**WHAT YOU WILL DO**. Below is a listing. Return the lines from the one that contains "Resume Objective For Retail Jobs" to the one that contains "Lentil soup with", both ends included, verbatim and with no pictures.

INPUT RECORDS Block Start

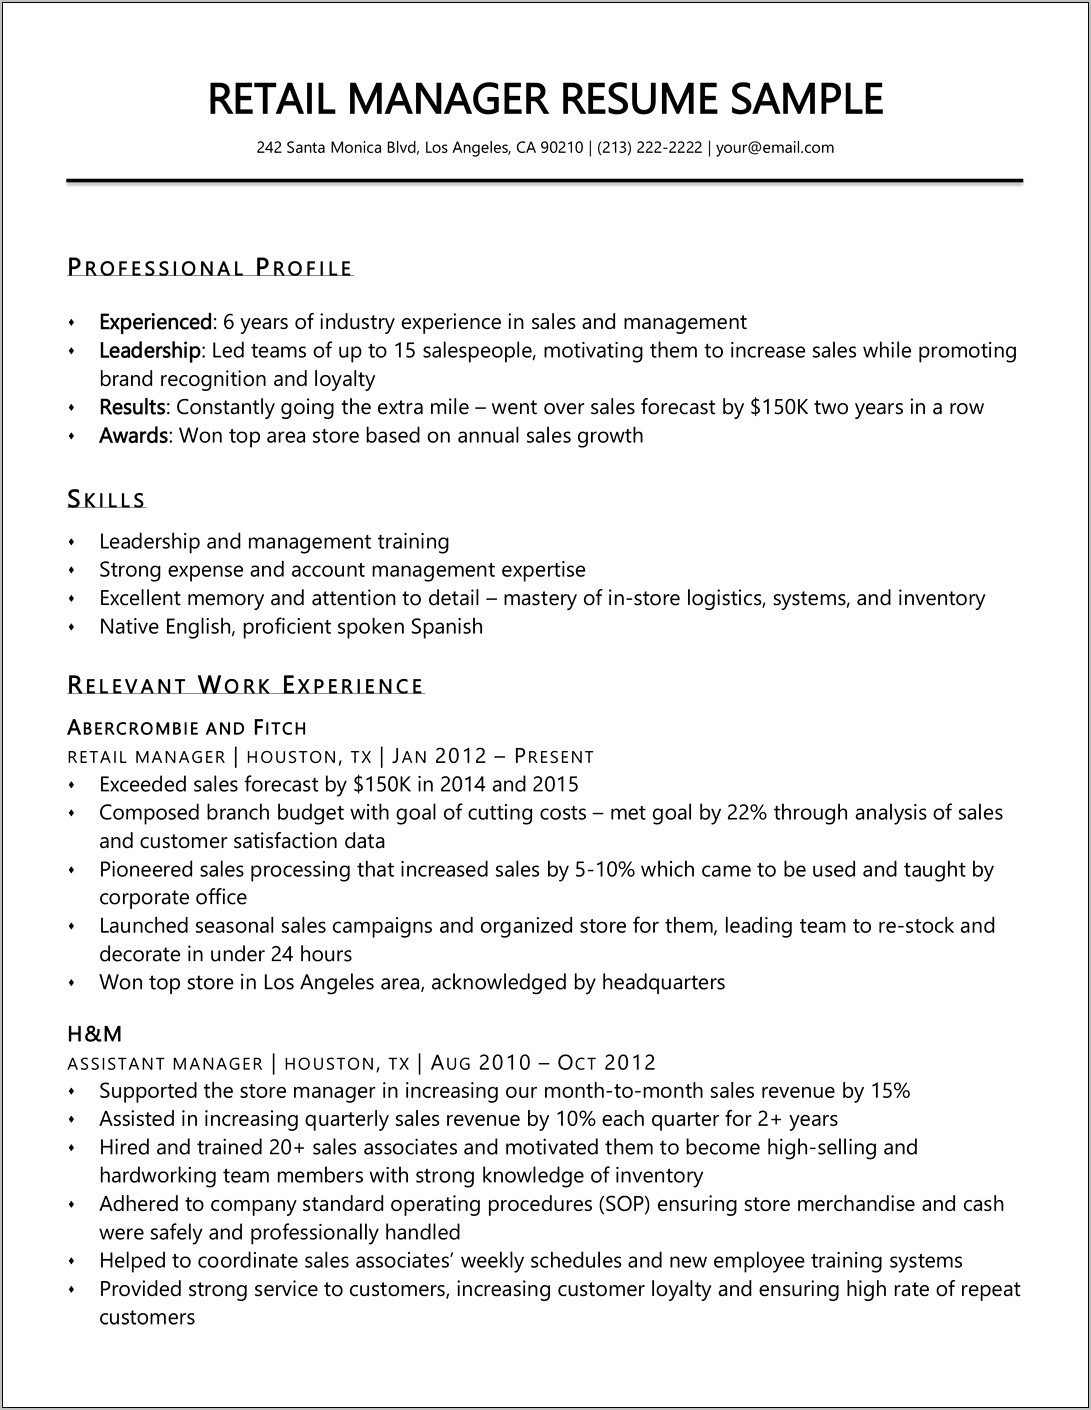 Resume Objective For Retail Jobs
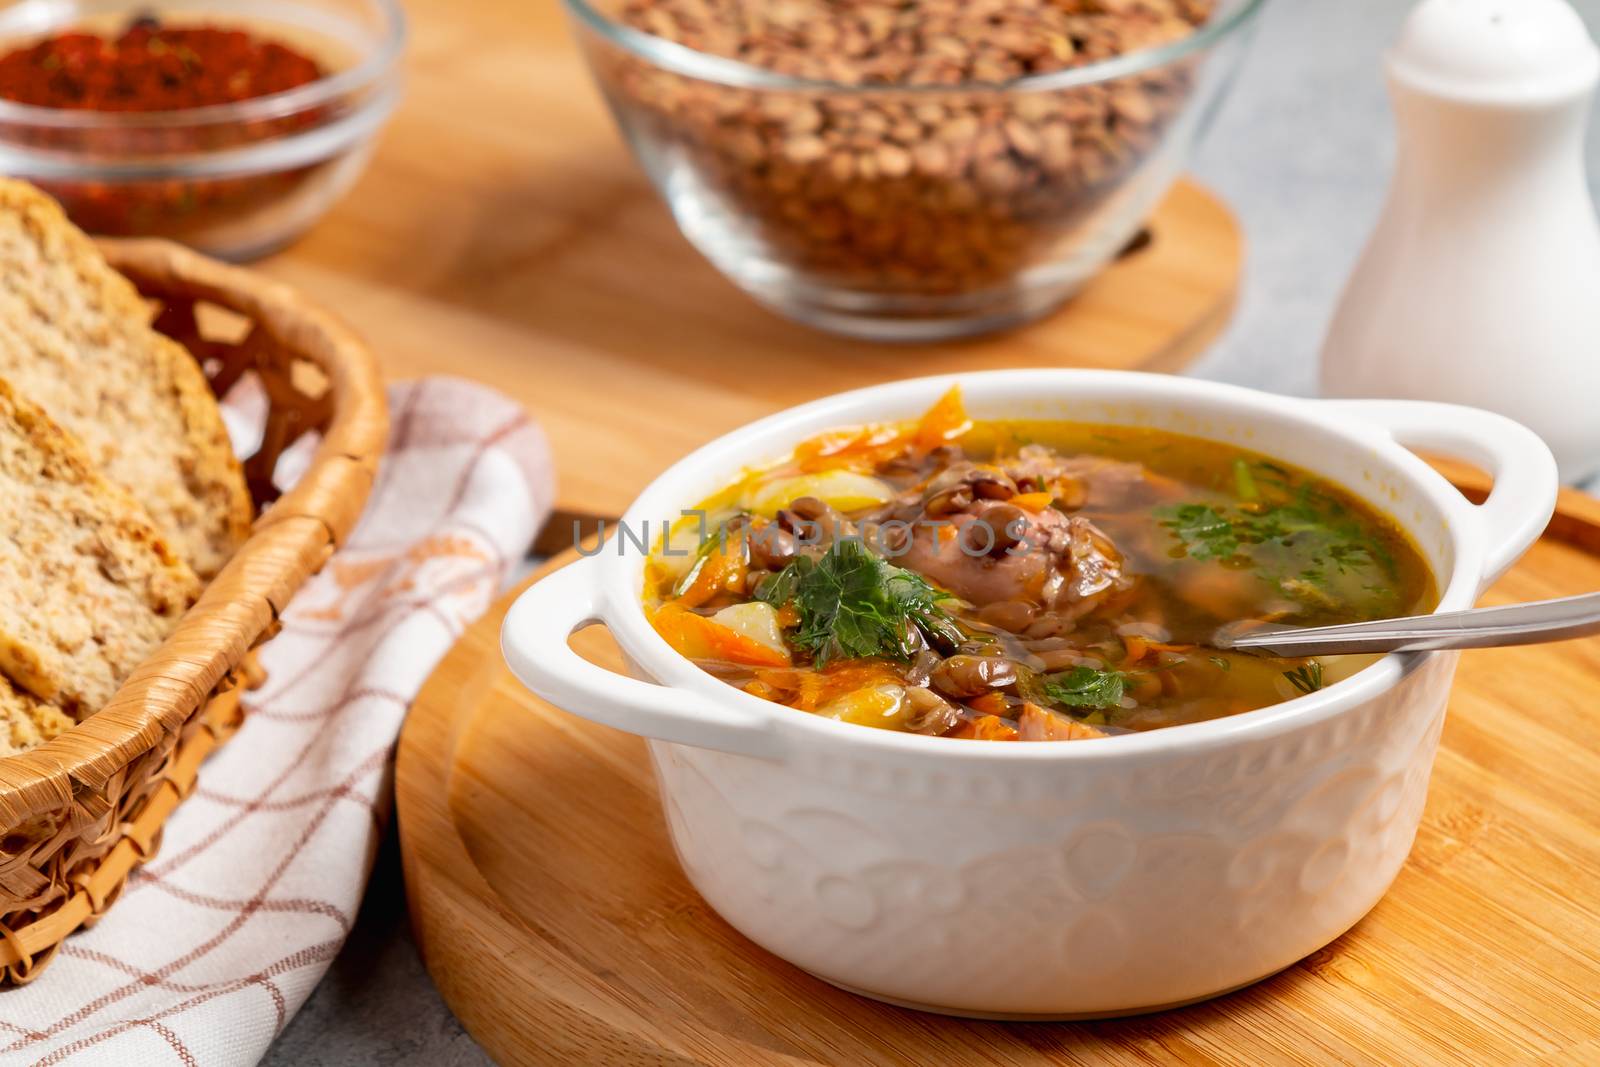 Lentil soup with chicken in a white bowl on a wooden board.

INPUT RECORDS Block End
INPUT RECORDS Block Start

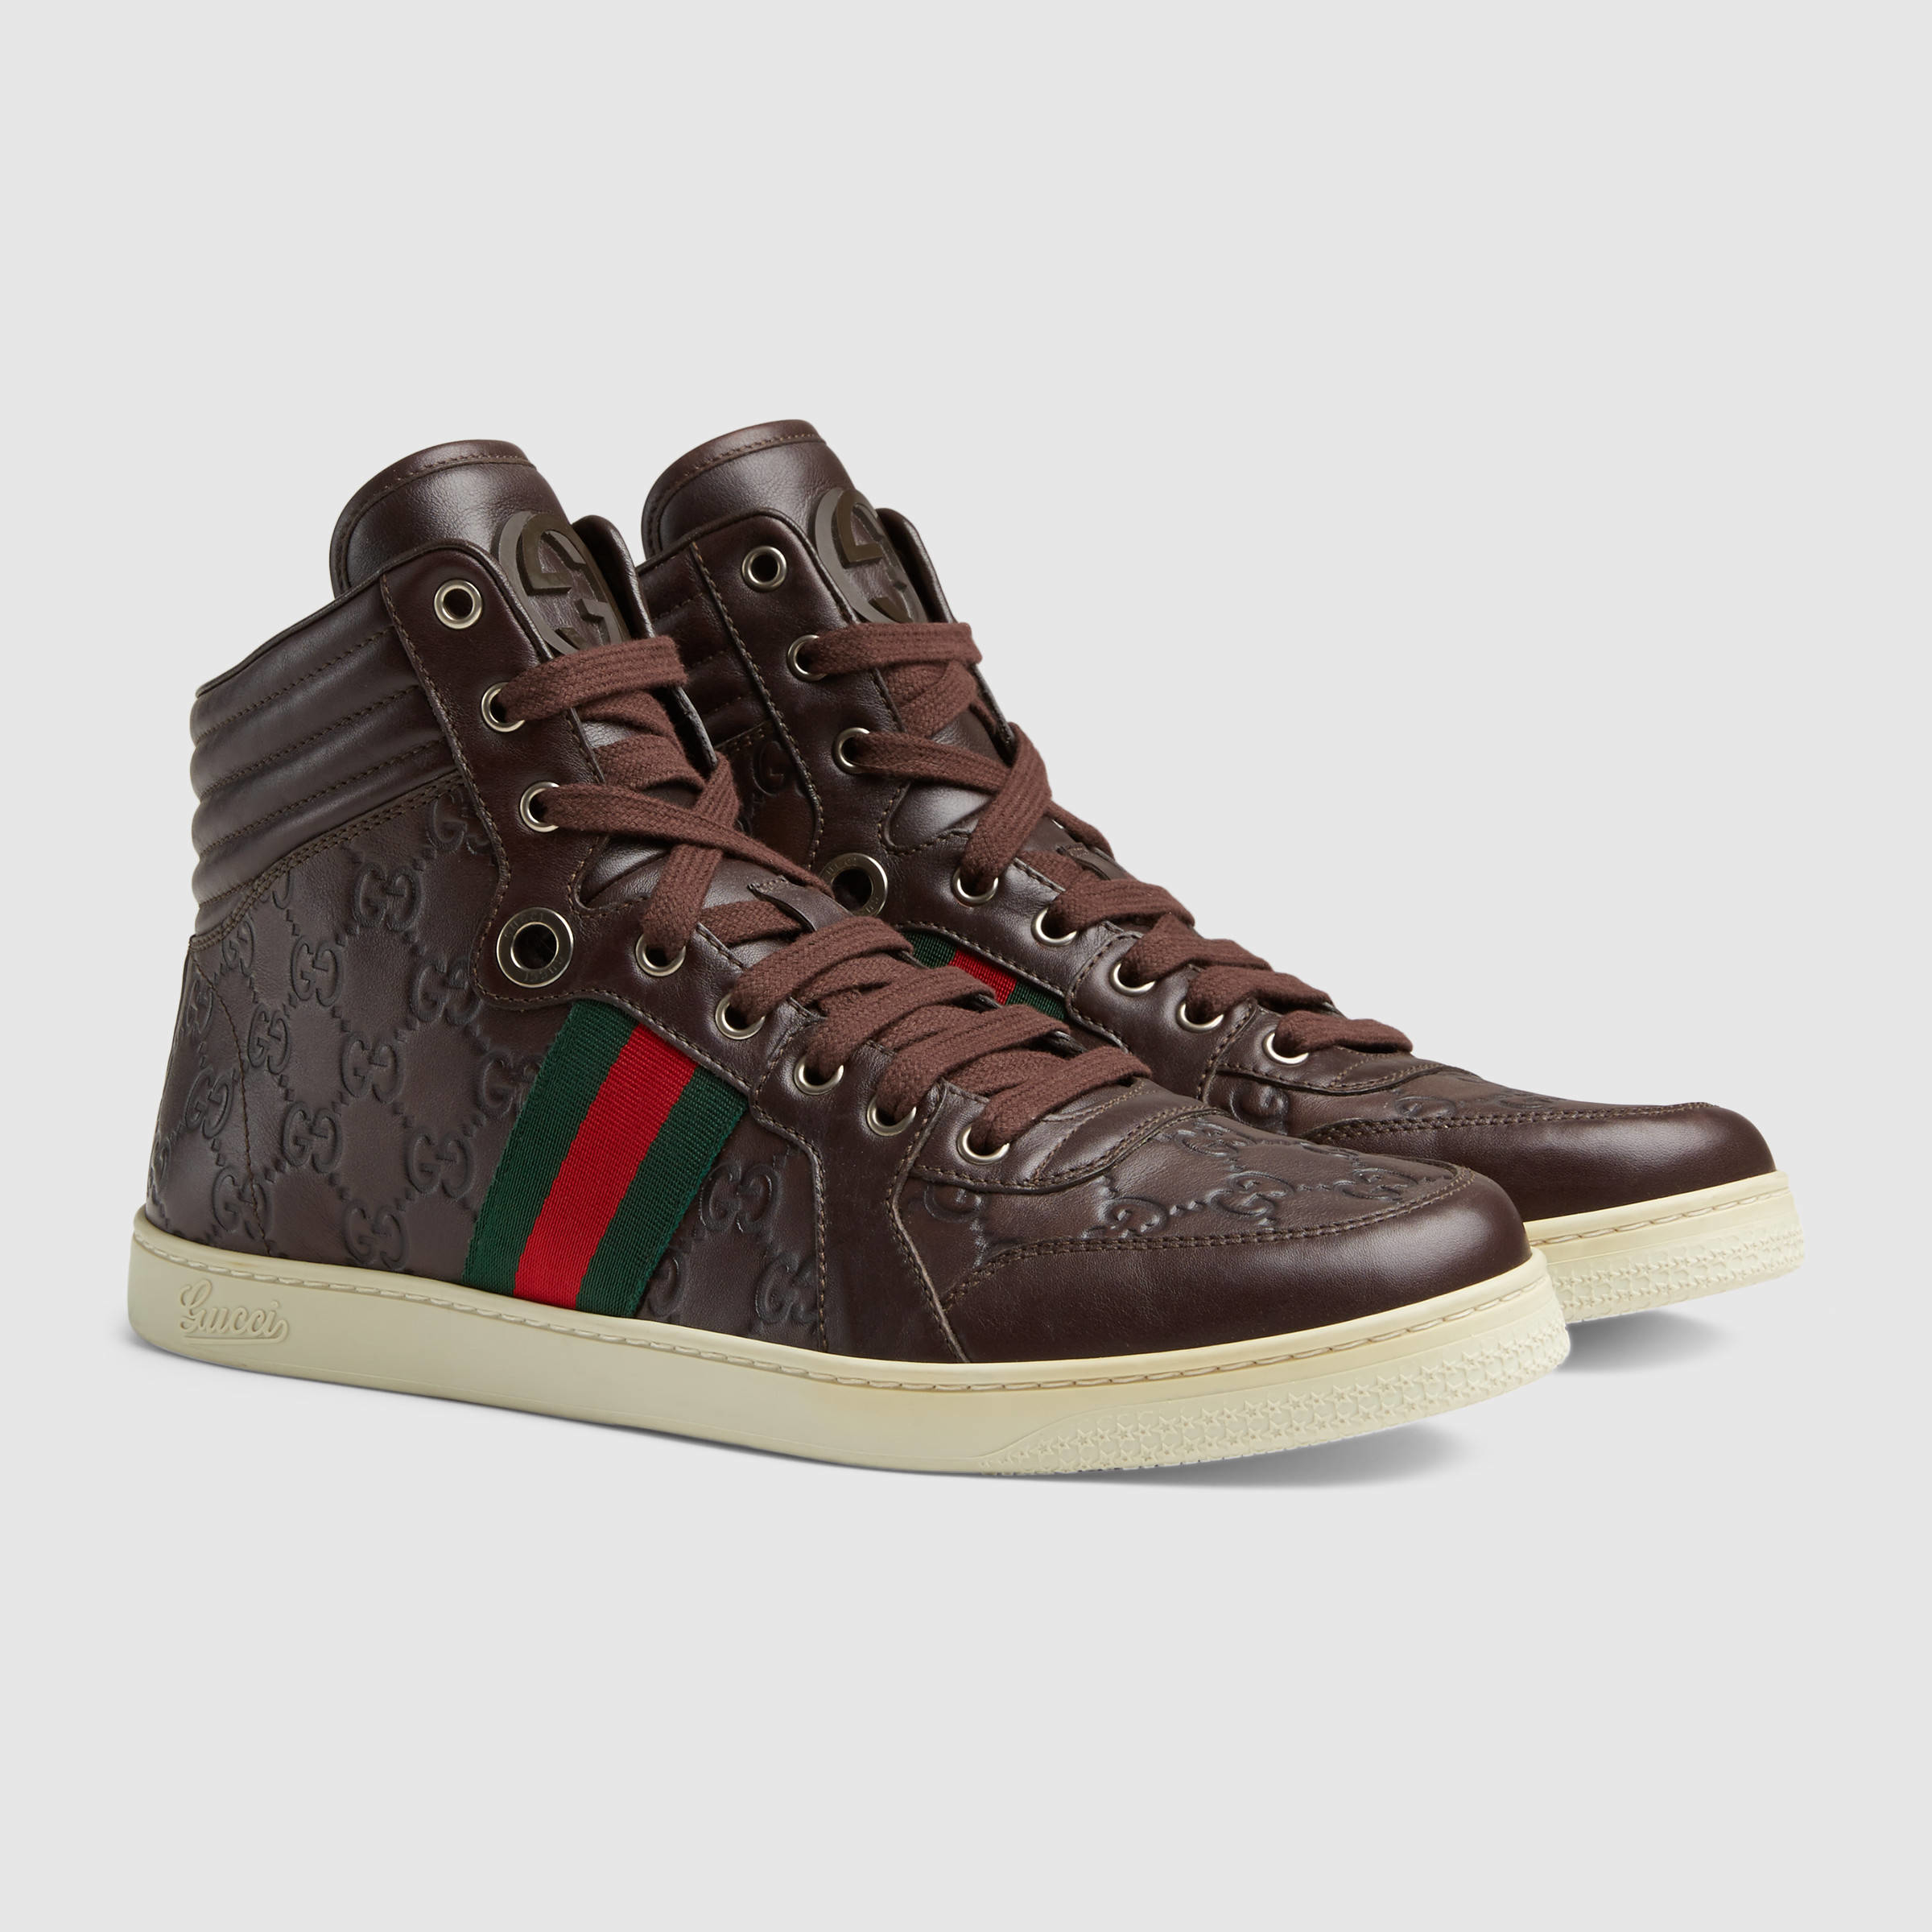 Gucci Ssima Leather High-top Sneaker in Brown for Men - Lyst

INPUT RECORDS Block End
INPUT RECORDS Block Start

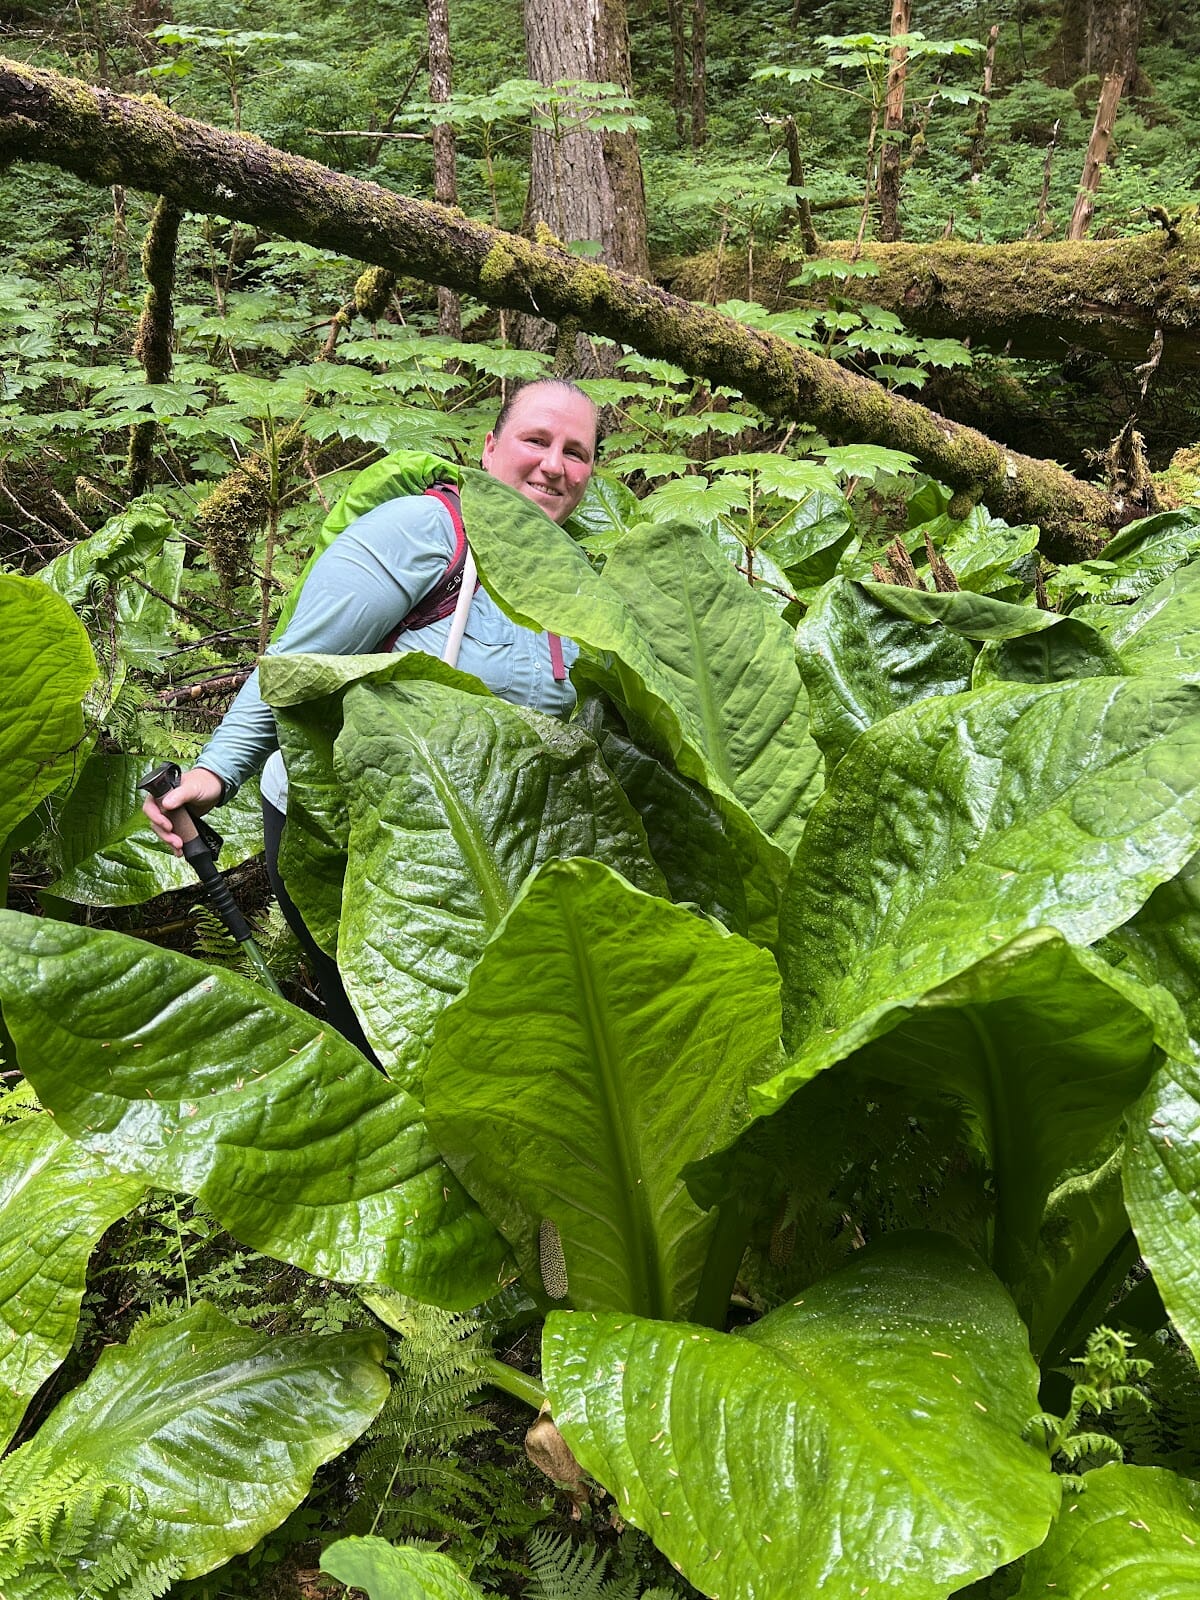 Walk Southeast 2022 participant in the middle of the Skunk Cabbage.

INPUT RECORDS Block End

**ANSWER BELOW**.
 Resume Objective For Retail Jobs
 Lentil soup with chicken in a white bowl on a wooden board.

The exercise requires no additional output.